> Dataset extract

━━━

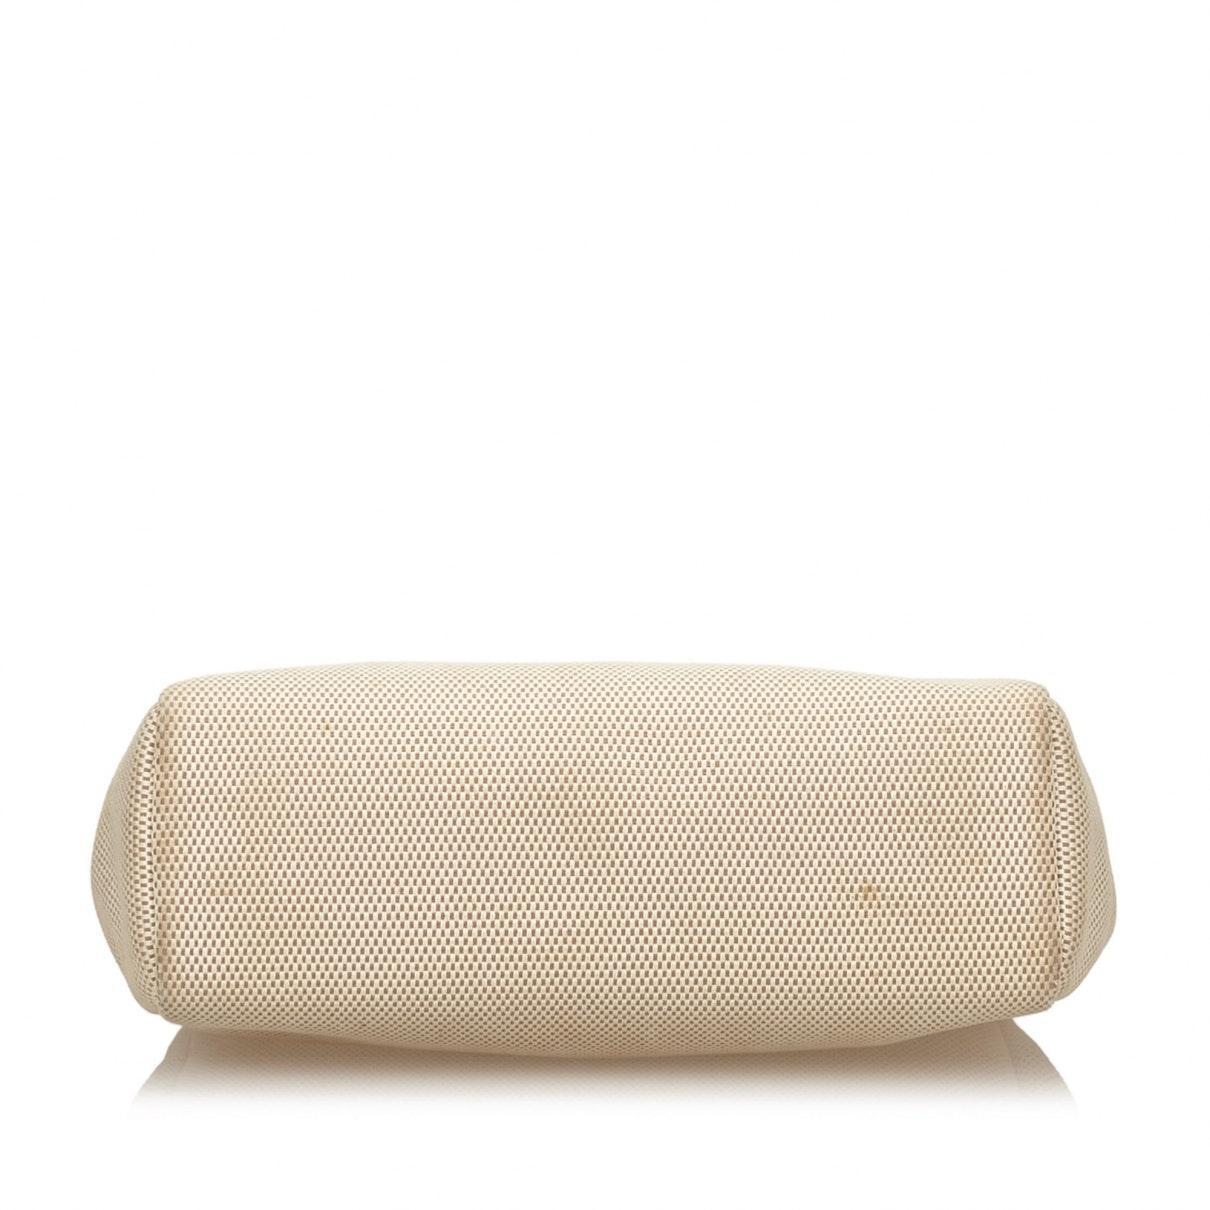 Sacs à main Herbag en Coton Hermès CQcO
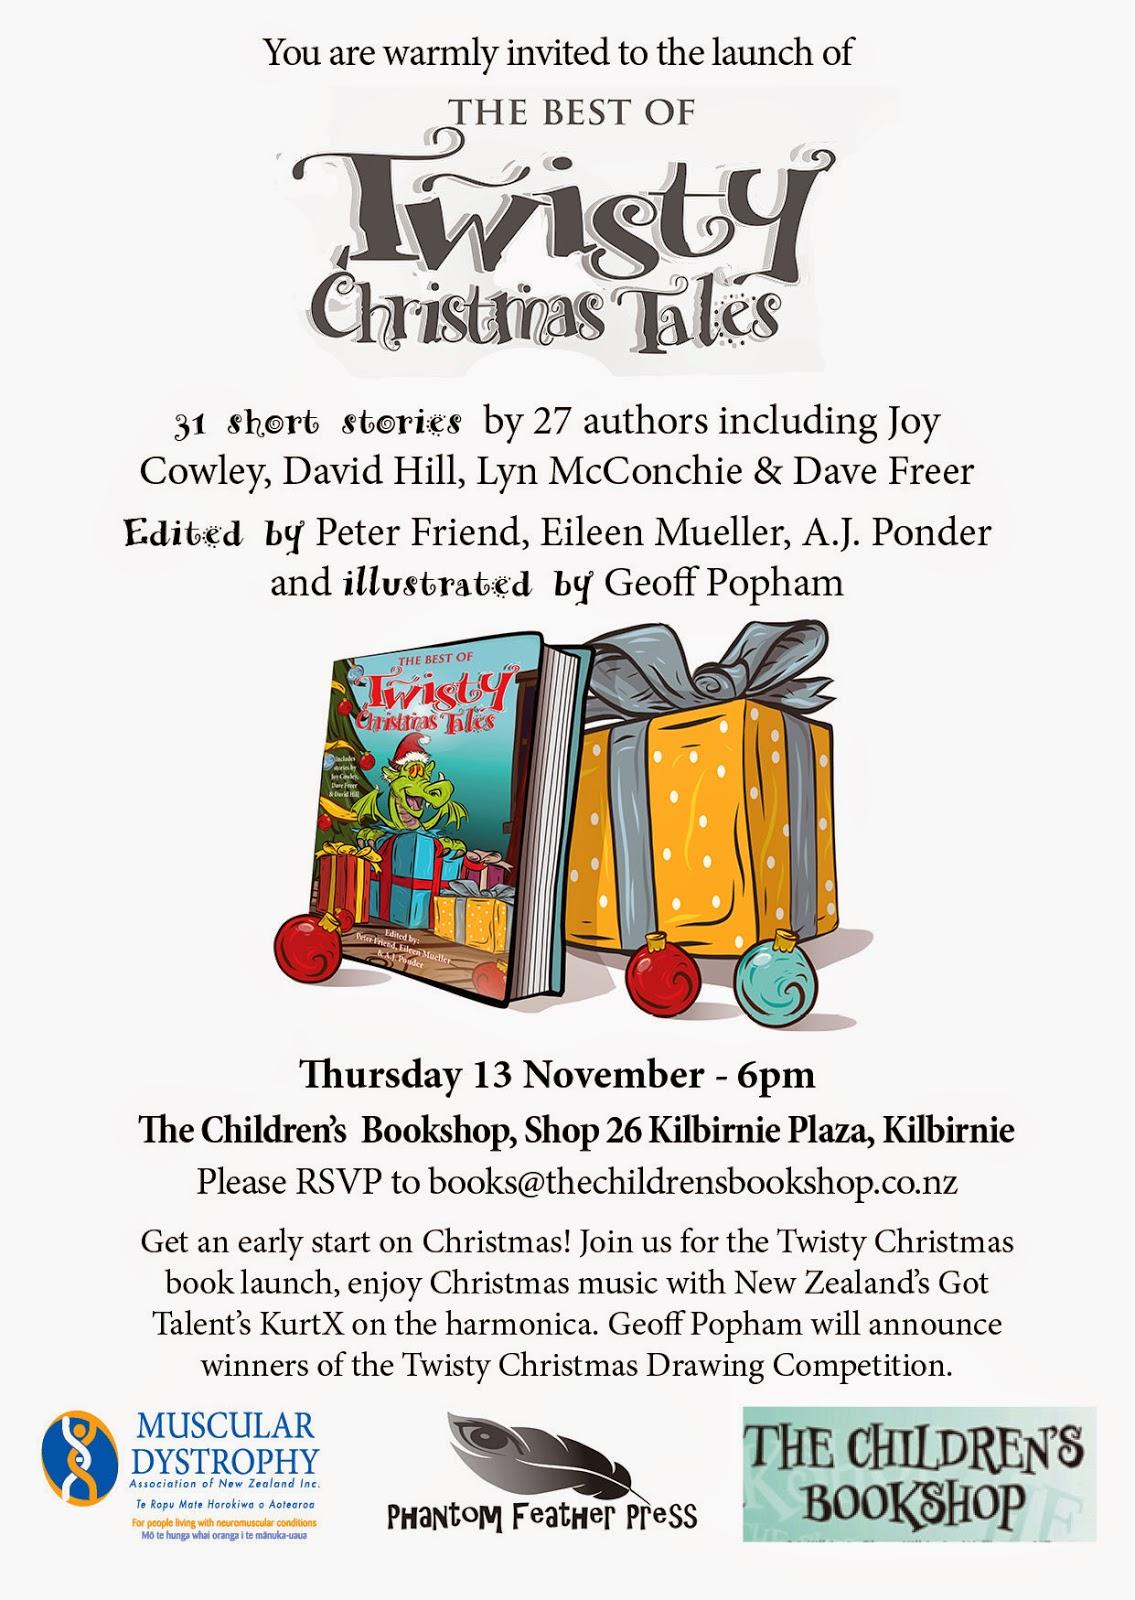 http://www.amazon.com/The-Best-Twisty-Christmas-Tales-ebook/dp/B00OWXKEAW
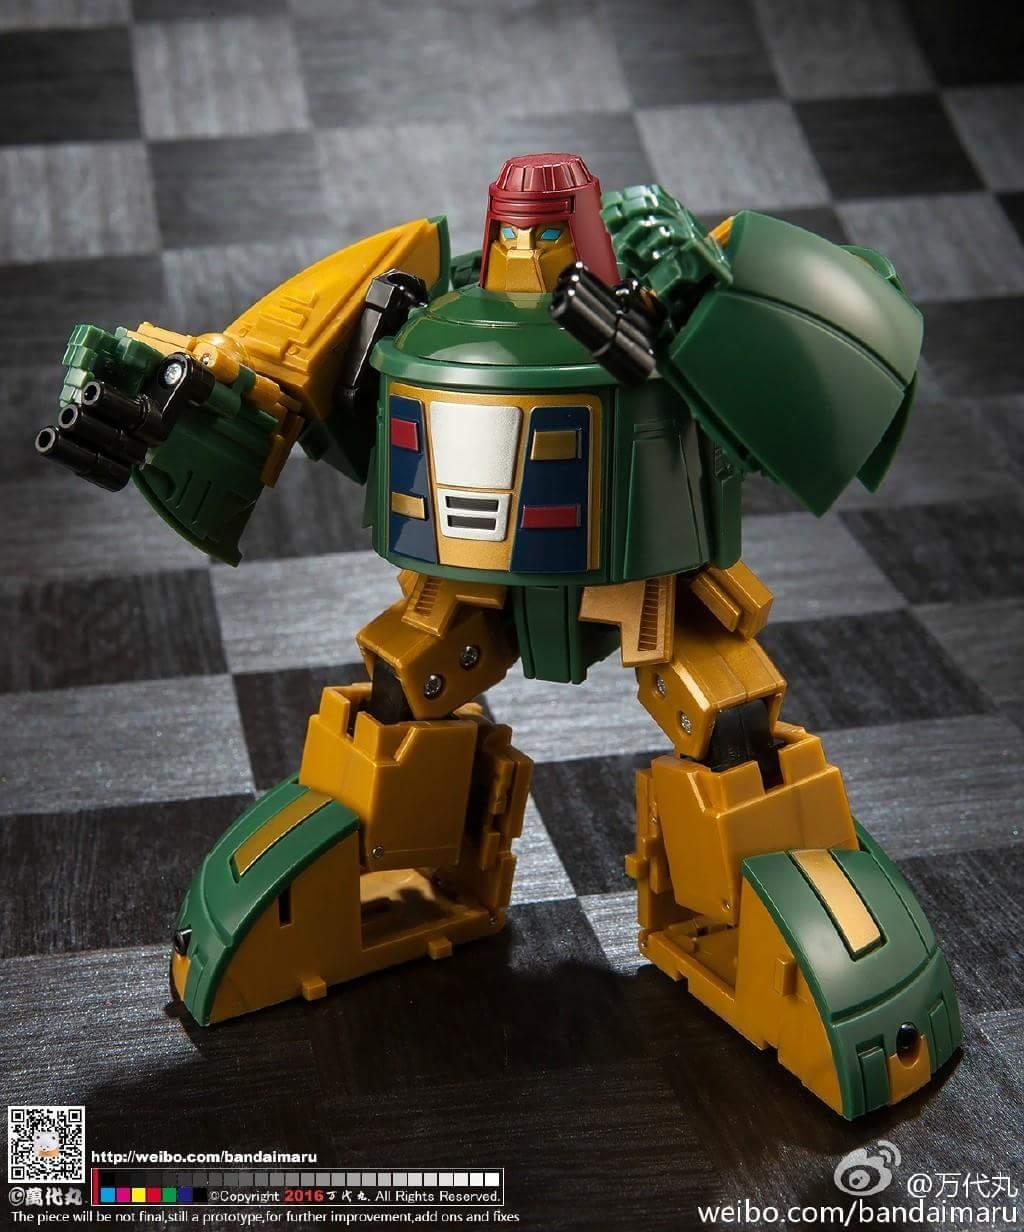 [Toyworld][Zeta Toys] Produit Tiers - Minibots MP - Gamme EX - Page 2 RVhKUgAS
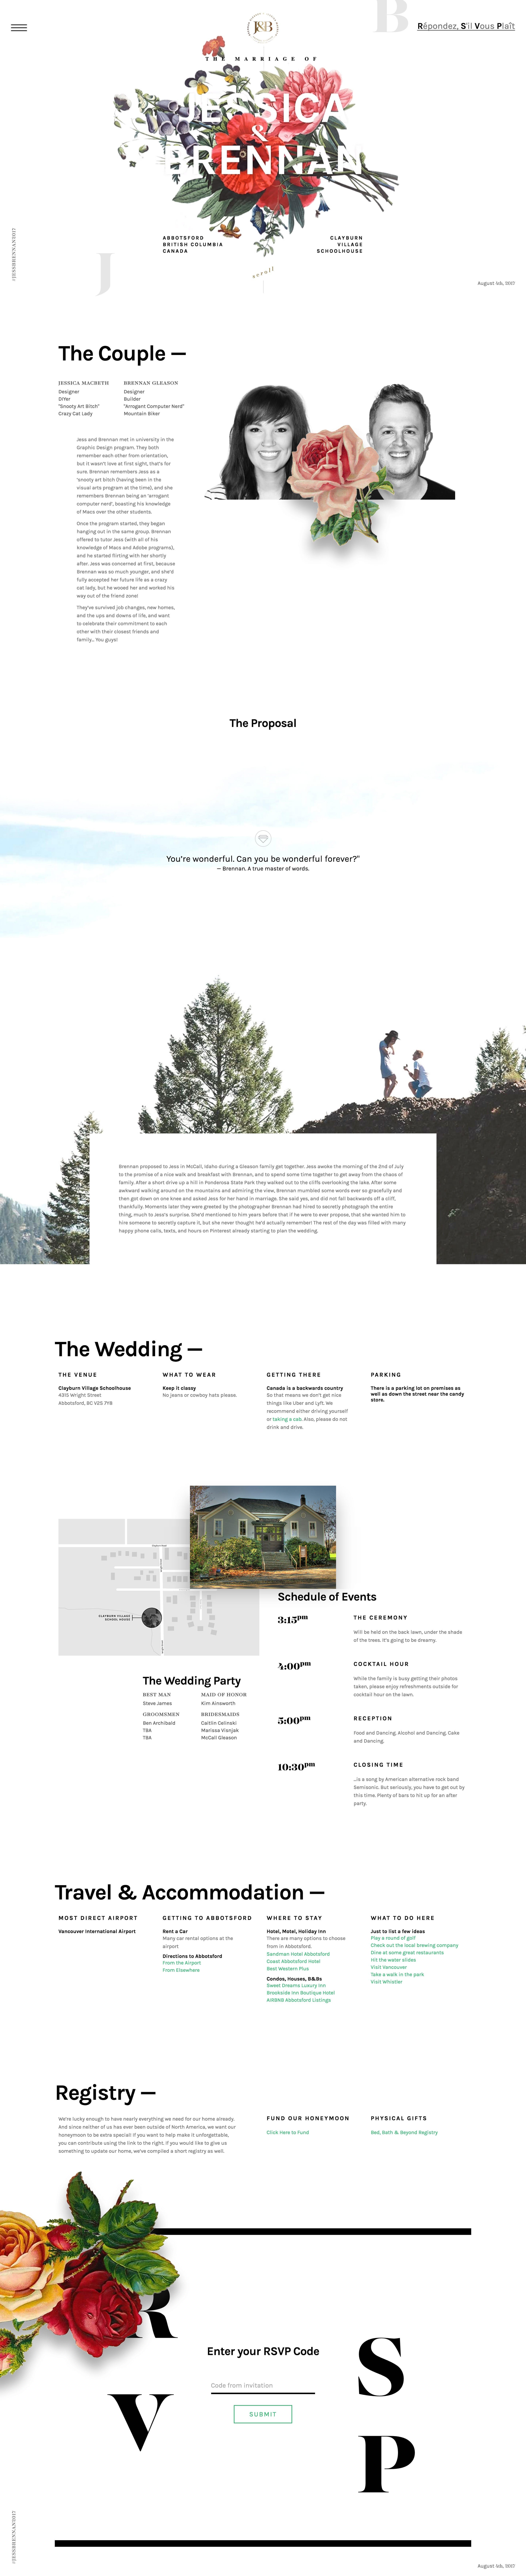 The Wedding of Jessica and Brennan Website Screenshot

━━━

> Task directions
Give the data back exactly, omitting all pictures.

> Written response
 Sacs à main Herbag en Coton Hermès CQcO
 http://www.amazon.com/The-Best-Twisty-Christmas-Tales-ebook/dp/B00OWXKEAW
 [Toyworld][Zeta Toys] Produit Tiers - Minibots MP - Gamme EX - Page 2 RVhKUgAS
 The Wedding of Jessica and Brennan Website Screenshot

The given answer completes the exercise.